If you think of it, it’s the only way to learn. Exposure to the problem.
Resorting to patching things — allocating a manager, putting the QA department in charge, moving in another team to troubleshoot, etc. — will only insulate the team from reality. Now the manager, QA, another team is responsible for the results. So how is it better? It can only work short-term.
Team members, if trained well and motivated, can make excellent decisions; far better than any single person would. It is humbling to realize and easy to underestimate.
Clear communication.
Even the best team will produce a useless trinket if they don’t know what they’re building. But it’s not just about what. It’s also about why, when, under which constraints, the bigger picture, and many other things. If you want the team to deliver something, tell them clearly what you want. Then again, and again, and again… Once is never enough.
Progress, feedback, goals, alignment, culture echoed throughout. It’s easy to lose direction in a group, focusing on something slightly different than the person next to you. There are different interpretations, conjunctures, personal opinions, loss of attention, or misunderstandings. So yeah, expect confusion and battle it with clear, consistent messaging, at the right time.
The only thing worse than the lack of information is an abundance of disinformation.
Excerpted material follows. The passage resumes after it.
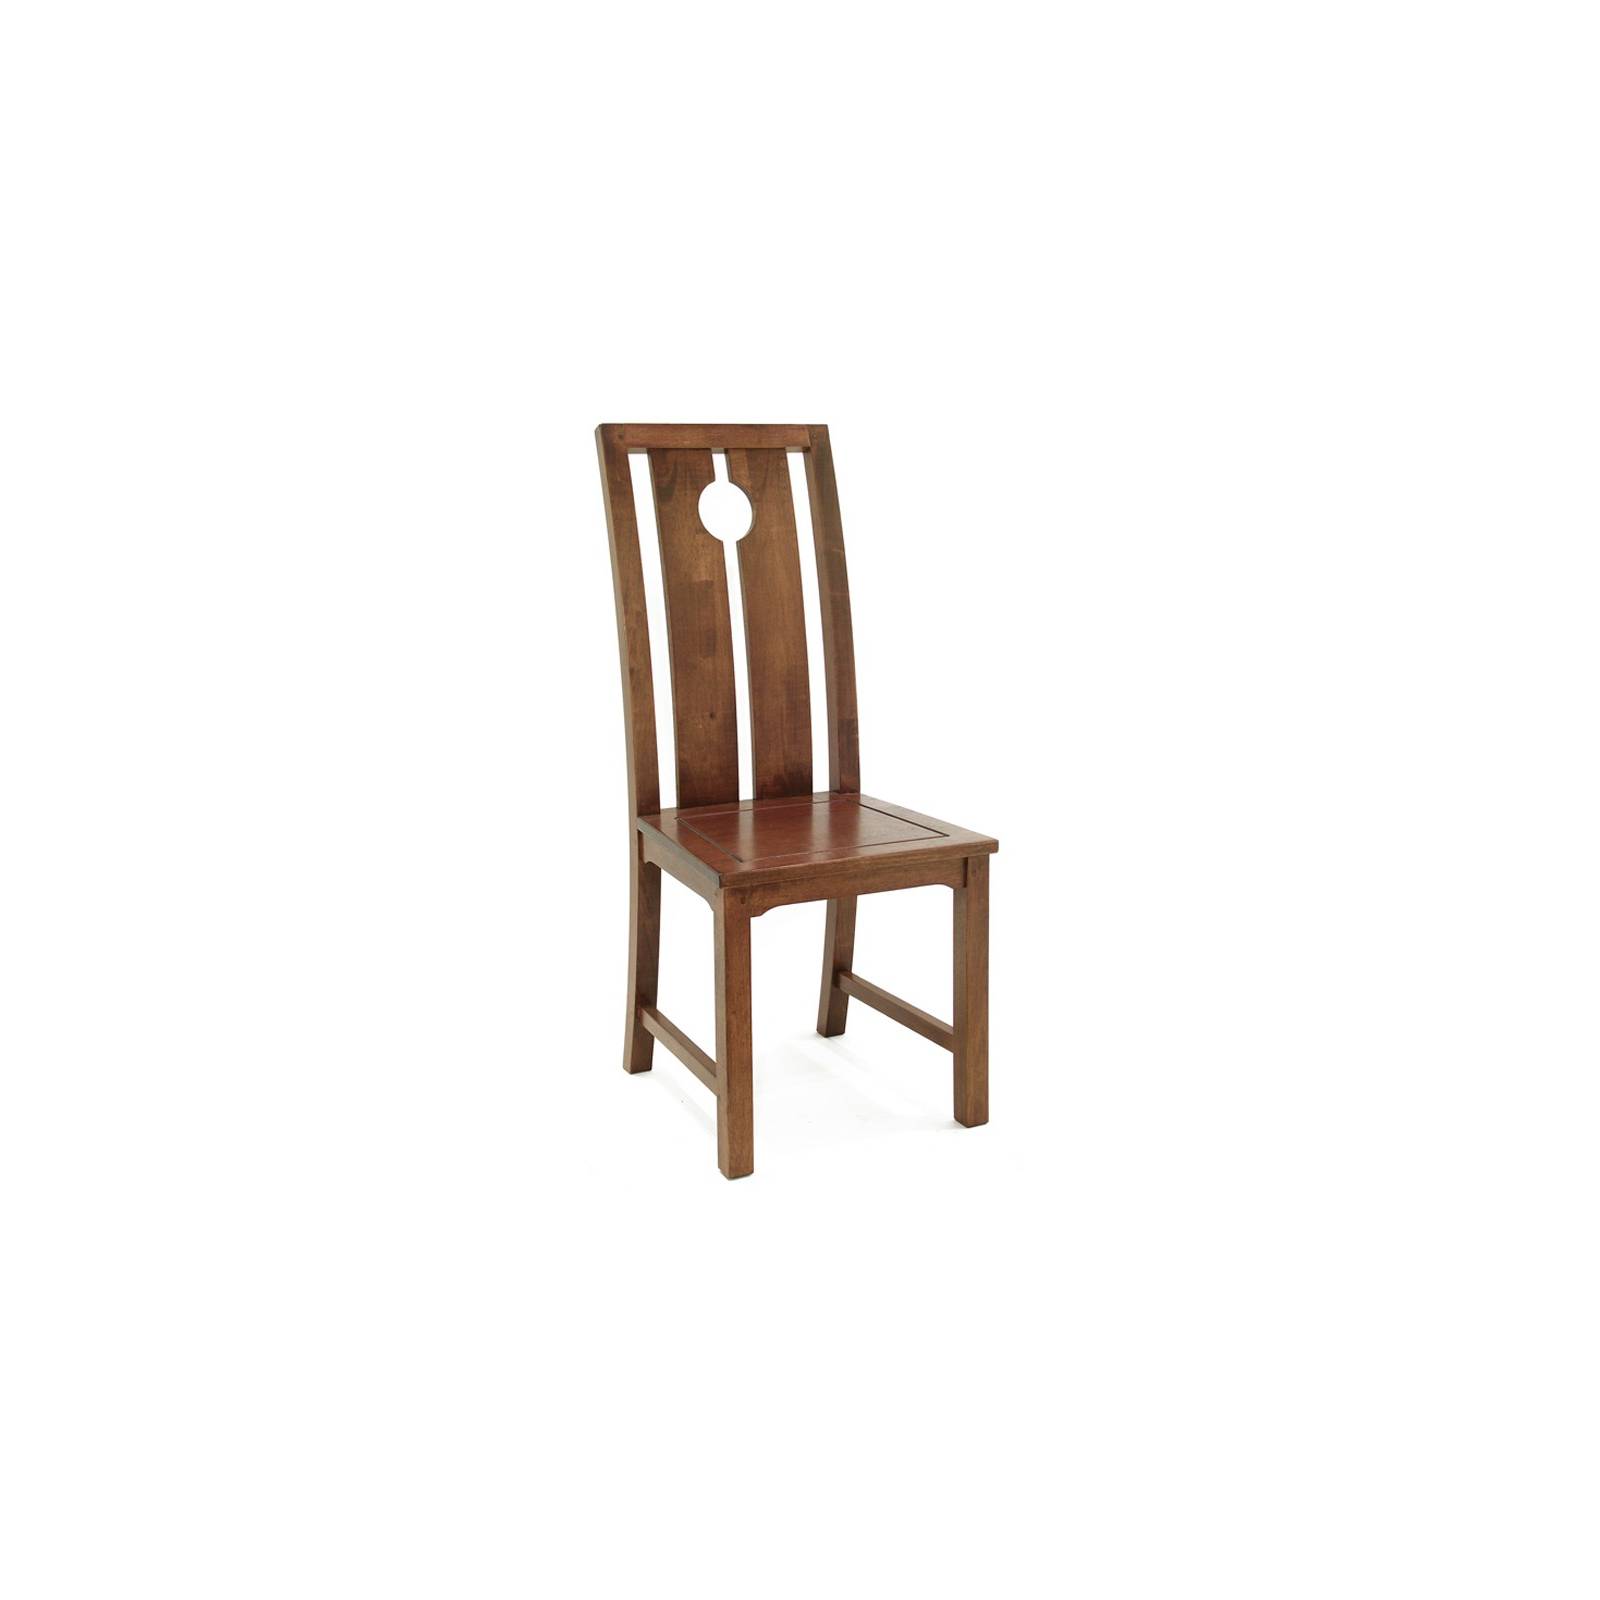 Chaise Chine Hévéa - meuble bois exotique

Or is it the other way around?
Predictability.
At this point, we have an amazing, self-sufficient, cooperating team that knows what to do and when to do it. Surely this must be the pinnacle of awesomeness. Success is guaranteed. Let’s consider one more thing.
The team is communicated a certain message, but the actions may not match. It can come from the leadership or the customer… For example a prompt from the leader: We’d love to hear your ideas. Please, bring them forward. Then they’re all shut down with a “thank you”. Or from the customer: I’d like to see some innovative designs, sure. I don’t like this one, nor this one, nor this one. Can it be more like what we have, but with rounded corners?
How do you think it will turn out?
Sometimes even the message may be accurate, but the directions change all the time. Without predictability, knowing what to expect, uncertainty settles in pretty fast. The trust crumbles and we’re back to square 1.
The team may not know where they are going, but with a steady pace and the leadership they can rely on, they will be confident they’ll reach a wonderful destination.
Learning all that I still have a question: What did I get out of the team building, personally?
Let’s see… Change of scenery, free food, unique experiences I’ll remember for some time, deeper connection with my colleagues, better understanding of their behavior in certain situations and my adjusted expectations, clearer understanding of the components that make for great teamwork. Not bad, huh?